**Prompt**
Your response should consist solely of the records, written out exactly.

**Stored items from a collection**
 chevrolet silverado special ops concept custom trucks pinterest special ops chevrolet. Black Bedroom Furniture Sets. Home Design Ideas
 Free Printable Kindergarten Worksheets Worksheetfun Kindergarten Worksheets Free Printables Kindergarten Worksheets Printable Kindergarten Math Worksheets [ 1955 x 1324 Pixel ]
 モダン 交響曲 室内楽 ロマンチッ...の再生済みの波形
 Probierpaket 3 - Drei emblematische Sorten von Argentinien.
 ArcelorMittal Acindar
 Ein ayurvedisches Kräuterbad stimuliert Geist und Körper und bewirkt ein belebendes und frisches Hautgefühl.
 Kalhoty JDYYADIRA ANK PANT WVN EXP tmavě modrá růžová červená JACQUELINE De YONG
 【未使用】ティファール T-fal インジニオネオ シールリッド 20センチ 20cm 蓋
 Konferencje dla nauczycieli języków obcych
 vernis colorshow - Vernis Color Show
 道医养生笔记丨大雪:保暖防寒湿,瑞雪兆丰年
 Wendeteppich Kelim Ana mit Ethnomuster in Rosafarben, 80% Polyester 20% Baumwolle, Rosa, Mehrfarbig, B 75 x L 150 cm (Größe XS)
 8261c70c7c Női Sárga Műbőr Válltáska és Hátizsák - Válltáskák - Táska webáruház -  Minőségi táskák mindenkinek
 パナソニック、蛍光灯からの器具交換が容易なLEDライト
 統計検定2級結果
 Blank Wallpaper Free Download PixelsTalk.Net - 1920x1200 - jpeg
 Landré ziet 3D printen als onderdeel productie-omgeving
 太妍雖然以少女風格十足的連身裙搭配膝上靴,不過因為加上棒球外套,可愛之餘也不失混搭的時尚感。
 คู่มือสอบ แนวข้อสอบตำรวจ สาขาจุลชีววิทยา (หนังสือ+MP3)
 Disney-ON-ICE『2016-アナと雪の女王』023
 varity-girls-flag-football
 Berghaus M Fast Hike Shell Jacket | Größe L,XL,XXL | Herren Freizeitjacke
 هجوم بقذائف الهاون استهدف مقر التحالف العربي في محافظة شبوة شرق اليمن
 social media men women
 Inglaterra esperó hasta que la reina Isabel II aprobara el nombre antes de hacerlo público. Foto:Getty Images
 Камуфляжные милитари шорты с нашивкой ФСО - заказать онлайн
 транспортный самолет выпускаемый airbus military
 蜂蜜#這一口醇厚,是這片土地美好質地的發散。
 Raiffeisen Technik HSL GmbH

**Solution to this problem**
 chevrolet silverado special ops concept custom trucks pinterest special ops chevrolet. Black Bedroom Furniture Sets. Home Design Ideas
 Free Printable Kindergarten Worksheets Worksheetfun Kindergarten Worksheets Free Printables Kindergarten Worksheets Printable Kindergarten Math Worksheets [ 1955 x 1324 Pixel ]
 モダン 交響曲 室内楽 ロマンチッ...の再生済みの波形
 Probierpaket 3 - Drei emblematische Sorten von Argentinien.
 ArcelorMittal Acindar
 Ein ayurvedisches Kräuterbad stimuliert Geist und Körper und bewirkt ein belebendes und frisches Hautgefühl.
 Kalhoty JDYYADIRA ANK PANT WVN EXP tmavě modrá růžová červená JACQUELINE De YONG
 【未使用】ティファール T-fal インジニオネオ シールリッド 20センチ 20cm 蓋
 Konferencje dla nauczycieli języków obcych
 vernis colorshow - Vernis Color Show
 道医养生笔记丨大雪:保暖防寒湿,瑞雪兆丰年
 Wendeteppich Kelim Ana mit Ethnomuster in Rosafarben, 80% Polyester 20% Baumwolle, Rosa, Mehrfarbig, B 75 x L 150 cm (Größe XS)
 8261c70c7c Női Sárga Műbőr Válltáska és Hátizsák - Válltáskák - Táska webáruház -  Minőségi táskák mindenkinek
 パナソニック、蛍光灯からの器具交換が容易なLEDライト
 統計検定2級結果
 Blank Wallpaper Free Download PixelsTalk.Net - 1920x1200 - jpeg
 Landré ziet 3D printen als onderdeel productie-omgeving
 太妍雖然以少女風格十足的連身裙搭配膝上靴,不過因為加上棒球外套,可愛之餘也不失混搭的時尚感。
 คู่มือสอบ แนวข้อสอบตำรวจ สาขาจุลชีววิทยา (หนังสือ+MP3)
 Disney-ON-ICE『2016-アナと雪の女王』023
 varity-girls-flag-football
 Berghaus M Fast Hike Shell Jacket | Größe L,XL,XXL | Herren Freizeitjacke
 هجوم بقذائف الهاون استهدف مقر التحالف العربي في محافظة شبوة شرق اليمن
 social media men women
 Inglaterra esperó hasta que la reina Isabel II aprobara el nombre antes de hacerlo público. Foto:Getty Images
 Камуфляжные милитари шорты с нашивкой ФСО - заказать онлайн
 транспортный самолет выпускаемый airbus military
 蜂蜜#這一口醇厚,是這片土地美好質地的發散。
 Raiffeisen Technik HSL GmbH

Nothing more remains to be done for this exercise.